Update: Turns out the would-be thief is also a liar. He made up the story about the kids and faked the break-down when he realized the till was nearly empty. It held $24.65. Geez — or cheese. Some people … .
(Photo courtesy of Krista Davis, New York Times best-selling author of the Domestic Diva series.)
The Billings (Montana) Gazette gives us today’s Stupid Criminal Trick, reporting the case of a 24 year old man “who says he doesn’t remember breaking into the new federal courthouse while it was under construction.” He claimed to have been out with friends, then became separated from them, before blacking out. Meanwhile, though, he apparently broke three second-floor windows with a metal pipe and discharged a fire extinguisher, then passed out, wearing only jeans, on the first floor, where he was found and arrested.
He was initially charged with criminal trespass and burglary, but pled no contest to an amended charge of felony criminal mischief and offered a check for restitution–$10,738. He was given a 12-month deferred sentence and ordered to undergo a chemical dependency evaluation, and obtain any treatment recommended. The misdemeanor charge of criminal trespassing was dismissed.
As one commenter noted, that was a pricey fire extinguisher.
Lesson learned, we hope.
Missoula, Montana police recently put the bite on a serial car thief, with help from his cell phone — and his dog. The Missoulian reports that the man stole an SUV in Spokane, Washington and two more in Missoula, where he was arrested after being seen with one of the cars, which was under surveillance. (For readers not in Montana, the two cites are about 200 miles apart.) When police found the cars, they also found “dog-related items and dog hair with color, length and type consistent with a dog owned by Roth,” according to the newspaper’s account of court documents.
He had also taken pictures of the stolen cars with his cell phone.
And – in case you don’t think the guy was stupid enough – he was also charged with criminal possession of drug paraphernalia and driving a motor vehicle with a suspended or revoked license. Now, I don’t know if the drug paraphernalia was found in the stolen cars, or whether, like the leash, he just left it there. But you gotta know somebody’s gonna be looking for the car, right?
Put this in your comic novel–because you couldn’t write this in a serious mystery with a straight face.

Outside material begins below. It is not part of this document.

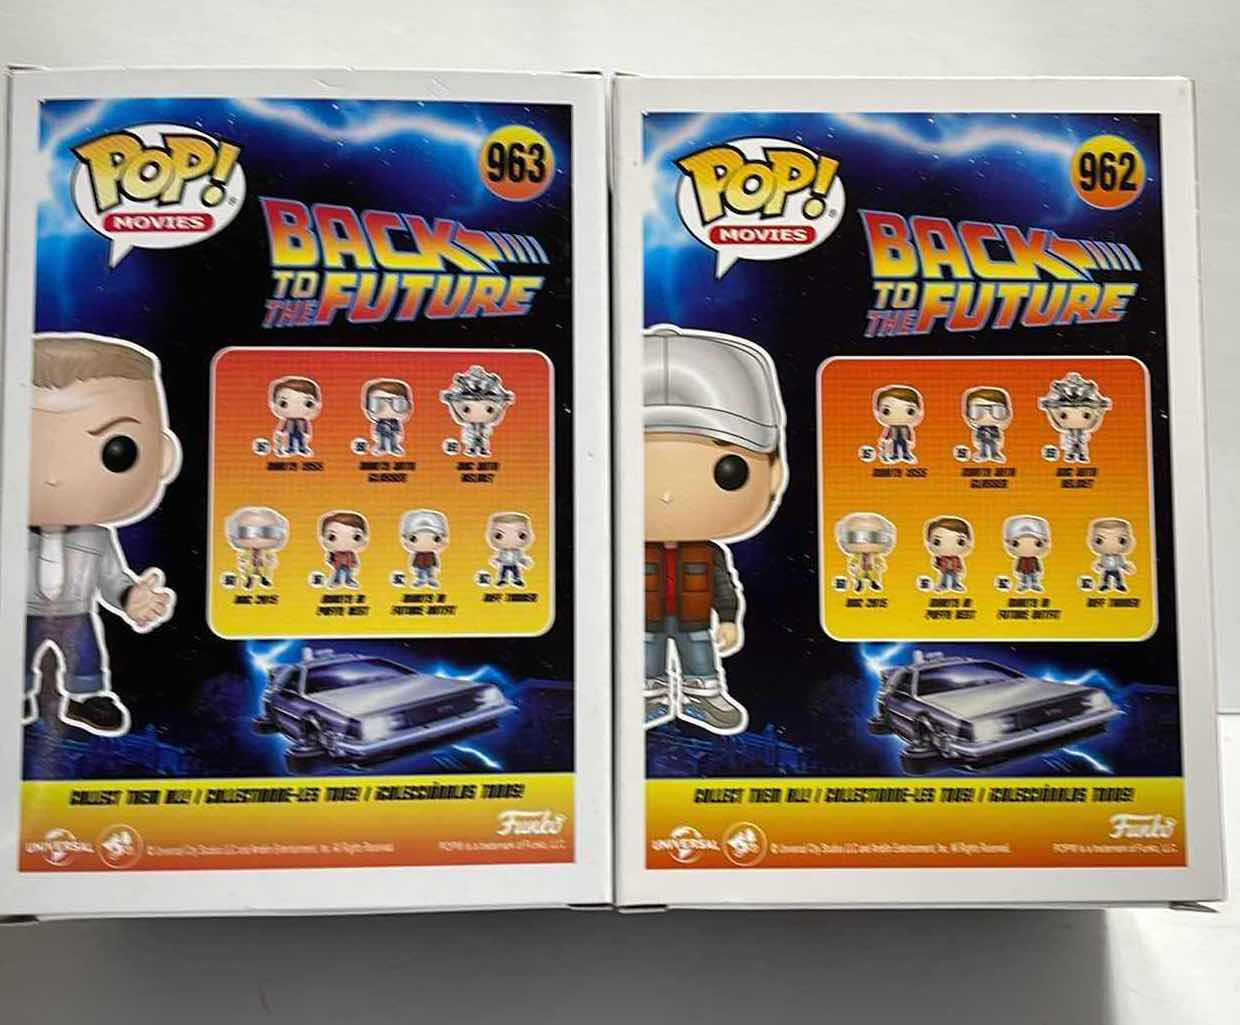 Photo 2 of NIB FUNKO POP MOVIES SERIES BACK TO THE FUTURE “MARTY IN FUTURE OUTFIT” & “BIFF TANNEN” -TOTAL RETAIL PRICE $29.99

A note on the admissibility of the dog hair evidence: a lab analysis and report will be required before the evidence can be admitted at trial, and the lab analyst will need to testify. But hair analysis–whether human or animal–is not new or unusual, and should not present any evidentiary issues. (Evidentiary issues – that’s legal talk for big doo-doo.)
A Montana burglar used a credit card to pick a lock. Unfortunately, it was his own credit card — and he left it behind. Plus, the homeowner was at home, and spotted him. The Associated Press reports that he’s been arrested and charged with felony attempted burglary and misdemeanor disorderly conduct.
No charge for criminal stupidity — that’s free.